Table 4 Results of Multiple Mediation Analysis of Cognitive Functions in Intelligence-Emotion Understanding Relation (n = 272)

Figure 1 A conceptual model of the relations between research variables.

Figure 2 A multiple mediation model of five cognitive functions in relation between intelligence and emotion understanding. Bolded data represent the significant mediation effect of inhibition (β=0.068, p <0.001).

Testing the Moderating Role of Gender

To test the moderation hypotheses, a regression model based on Figure 3 was constructed. Model 58 of the Macro Process program69 was selected to test the effects of gender on the relation between non-verbal intelligence and emotion understanding. As Table 5 shows, in the moderated mediation model the effect of non-verbal intelligence on emotion understanding was statistically significant (β = 0.270, p = 0.0002). Although the effect of inhibition on emotion understanding was significant (β = 0.257, p = 0.0003), the interaction effect of gender and inhibition on the non-verbal intelligence-emotion understanding link was not significant. Although the overall moderating role of gender in the moderated mediation model was not statistically significant, the conditional effect for females was only significant (β = 0.350, p = 0.0001).

Table 5 Results of Moderated Mediation Role of Gender on Executive Cognitive Functions-Emotion Understanding Relation (n = 272)

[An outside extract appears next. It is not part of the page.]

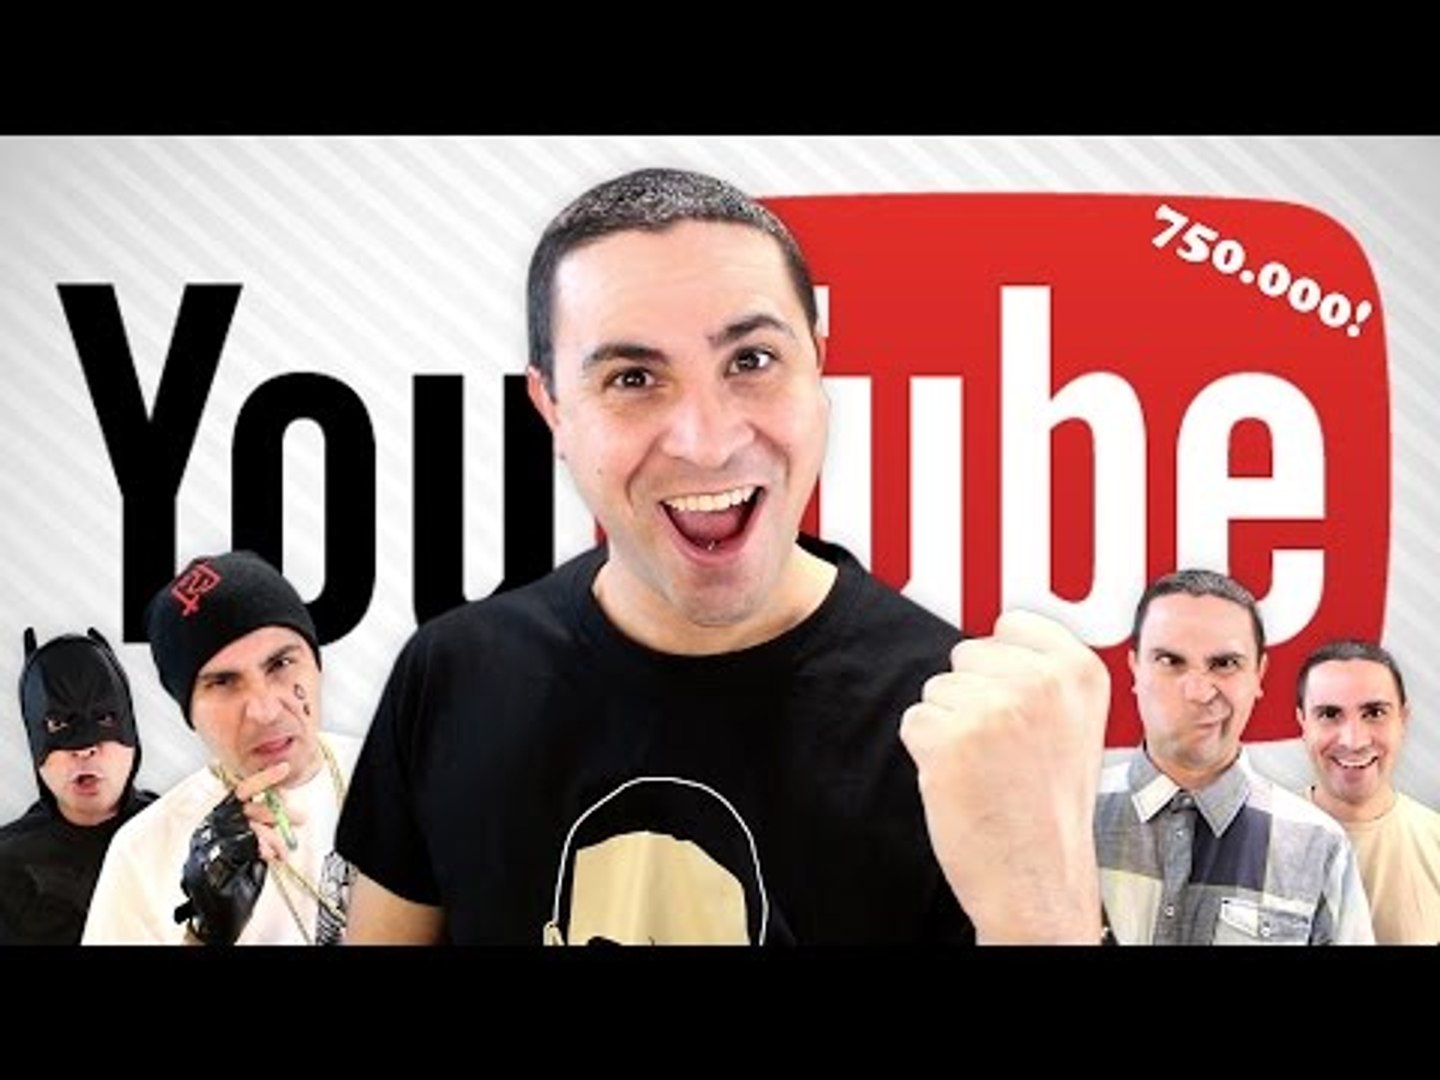 750.000! | 2J - video Dailymotion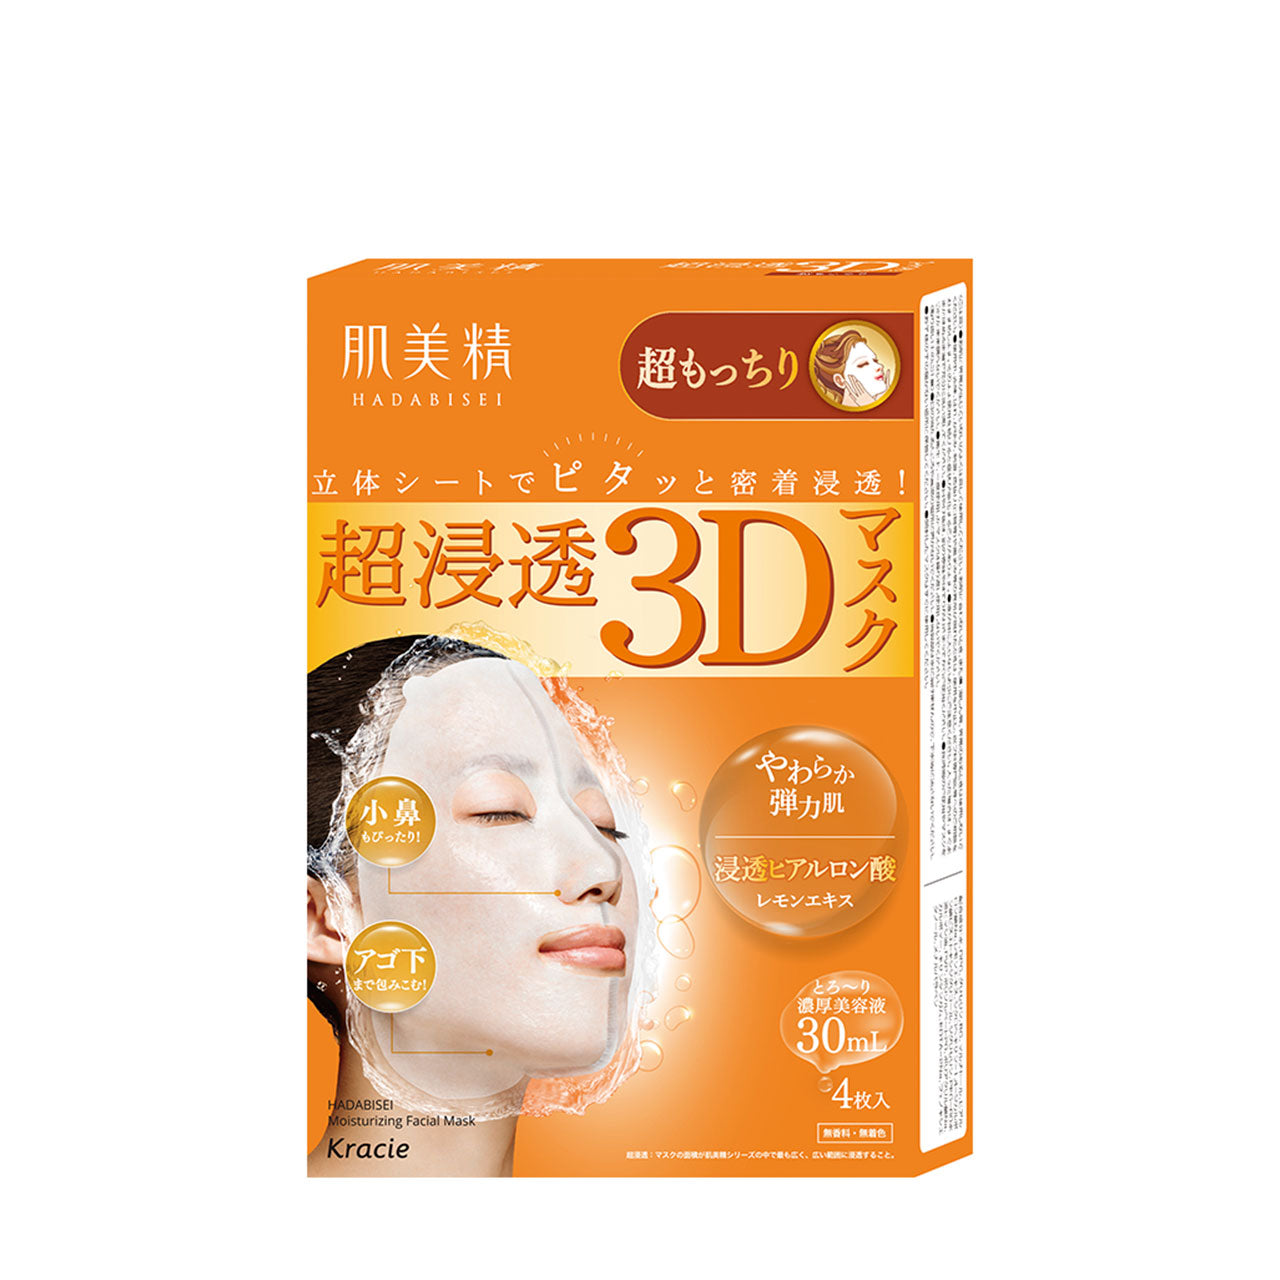 Kracie Hadabisei Advanced Penetrating 3D Face Mask Super Suppleness 4PCS | Sasa Global eShop

Figure 3 A moderated mediation model of relation between intelligence and emotion understanding through inhibition.

Figure 4 illustrates the relation between non-verbal intelligence and emotion understanding based on the changes in male and female scores in inhibition cognitive function.

Figure 4 The relation between non-verbal intelligence and emotion understanding based on gender.

Discussion

Emotion understanding in children is influenced by complex cognitive processes, including non-verbal intelligence and executive functions like working memory. The present study aimed to explore the relationship between non-verbal intelligence and emotion understanding in children, by testing the executive cognitive mechanisms that can mediate this link. The findings provided significant insights into the cognitive mechanisms underlying emotion understanding in children.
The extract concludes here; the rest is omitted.